_EXERCISE GOAL_
Repeat the lines of the data exactly and exclude any picture among them.

_DATASET EXTRACT_

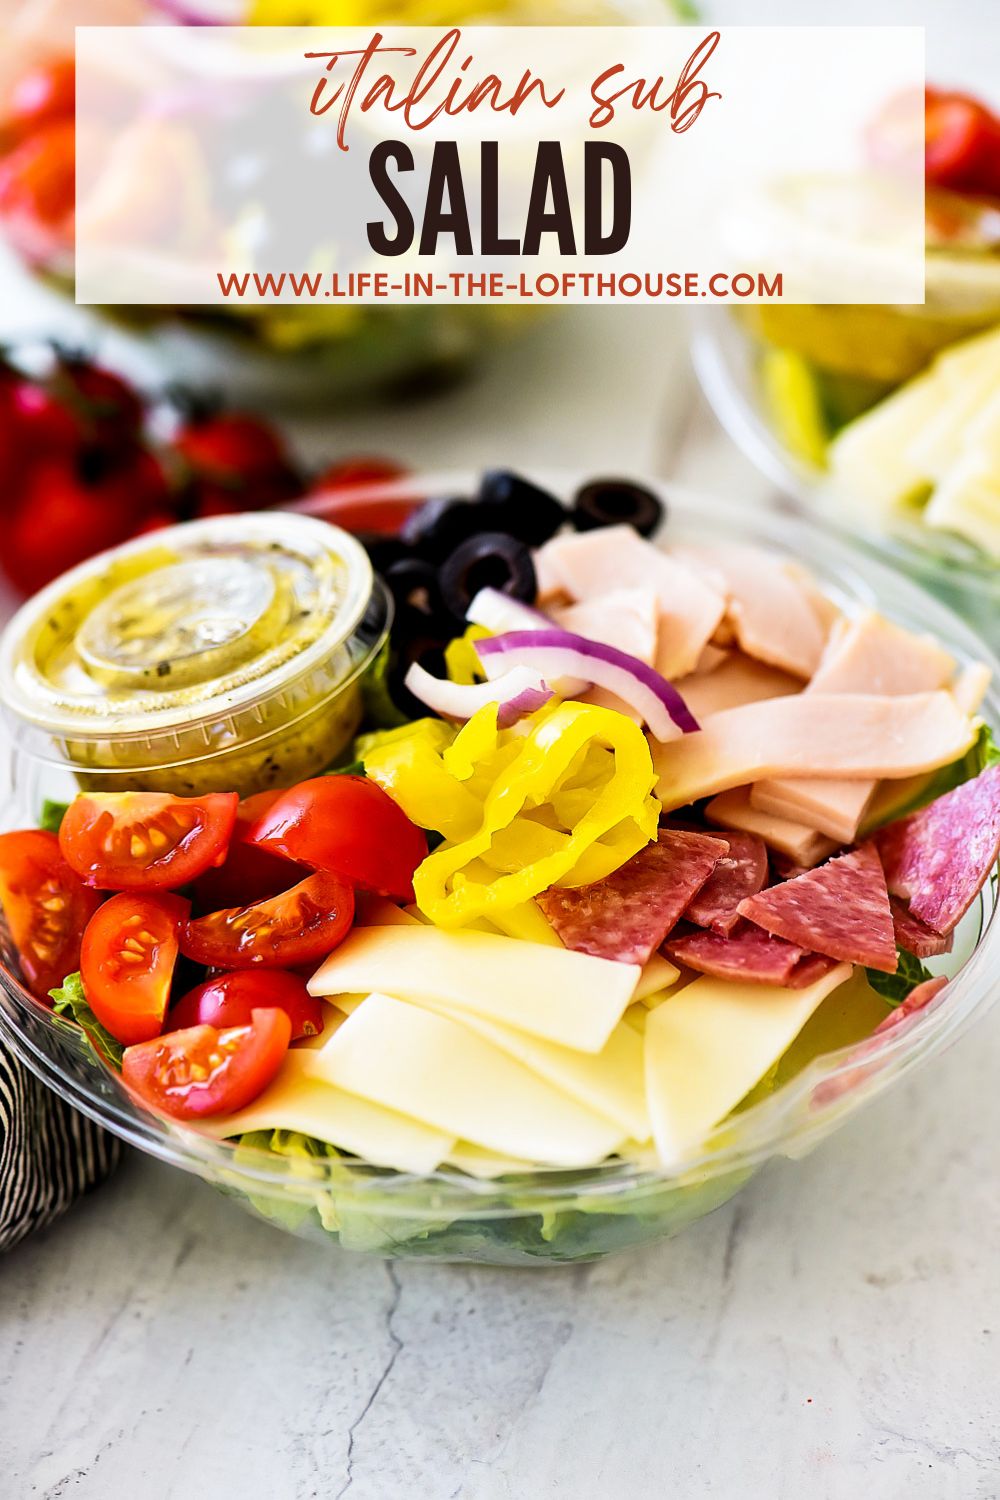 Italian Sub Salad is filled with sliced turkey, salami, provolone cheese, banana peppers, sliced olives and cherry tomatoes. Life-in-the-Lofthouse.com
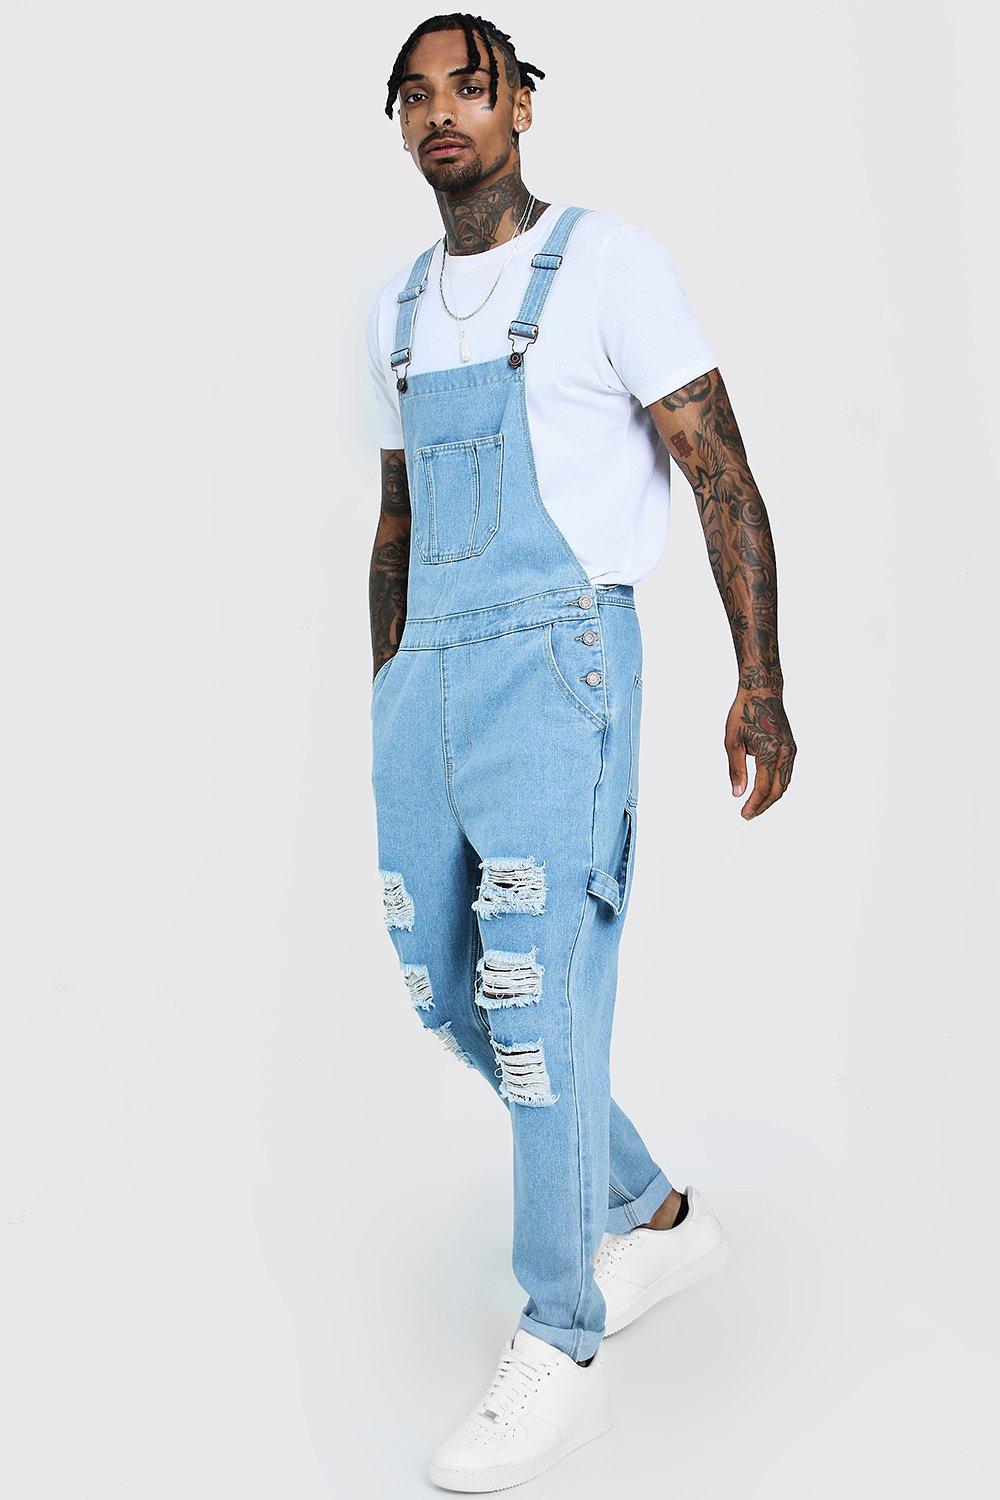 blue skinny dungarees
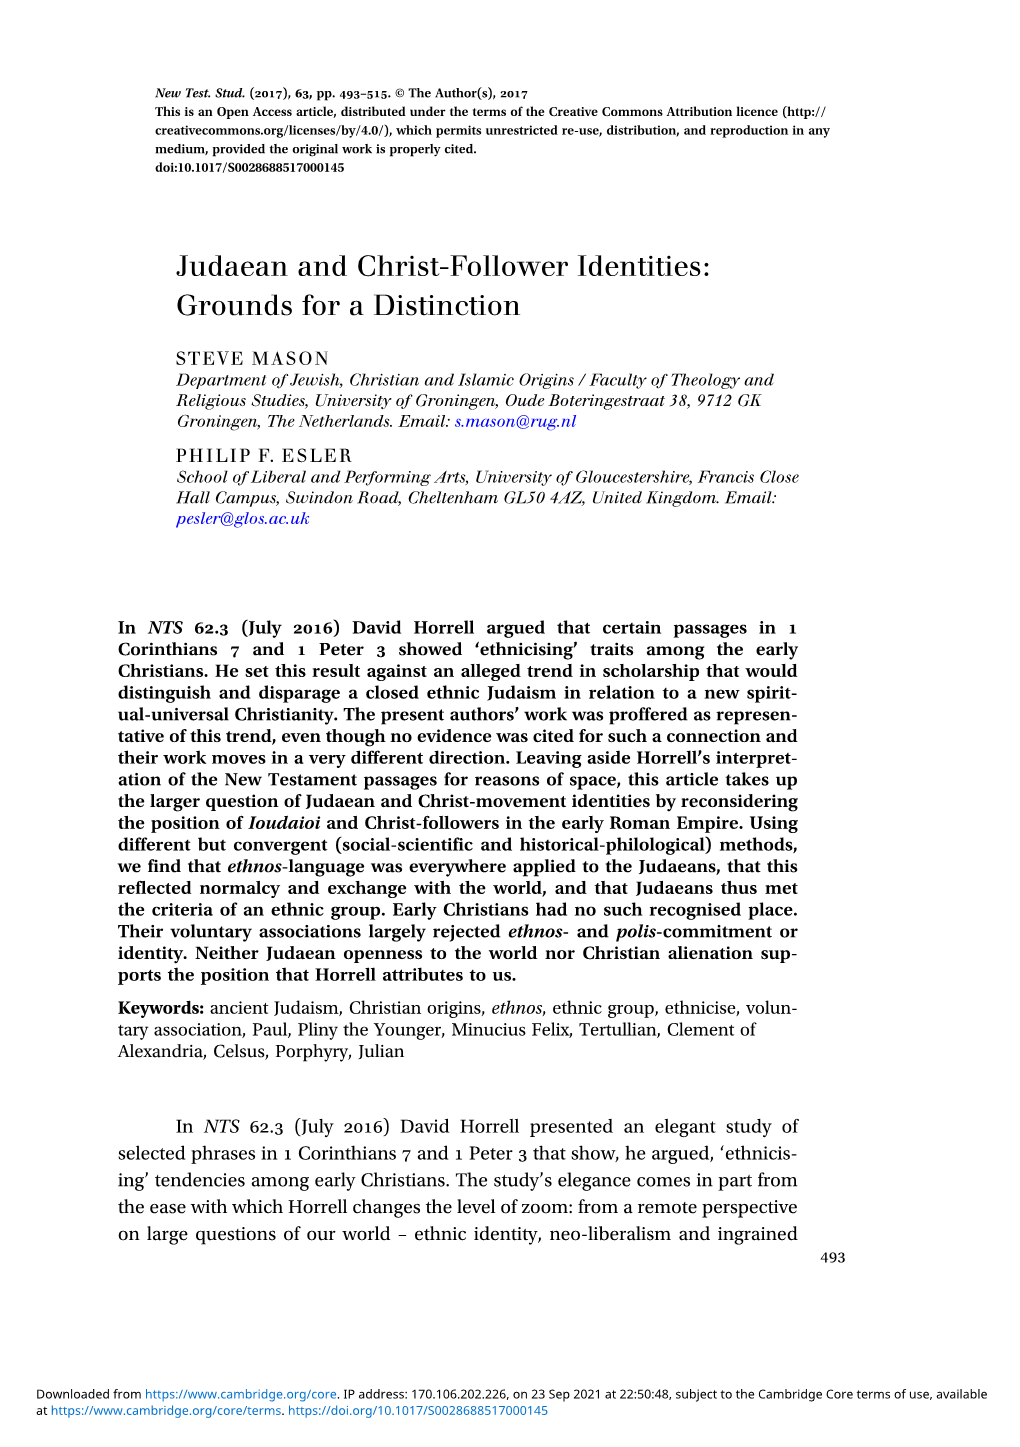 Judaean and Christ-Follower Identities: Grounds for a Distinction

_REPLY TO THE TASK_
 Italian Sub Salad is filled with sliced turkey, salami, provolone cheese, banana peppers, sliced olives and cherry tomatoes. Life-in-the-Lofthouse.com
 blue skinny dungarees
 Judaean and Christ-Follower Identities: Grounds for a Distinction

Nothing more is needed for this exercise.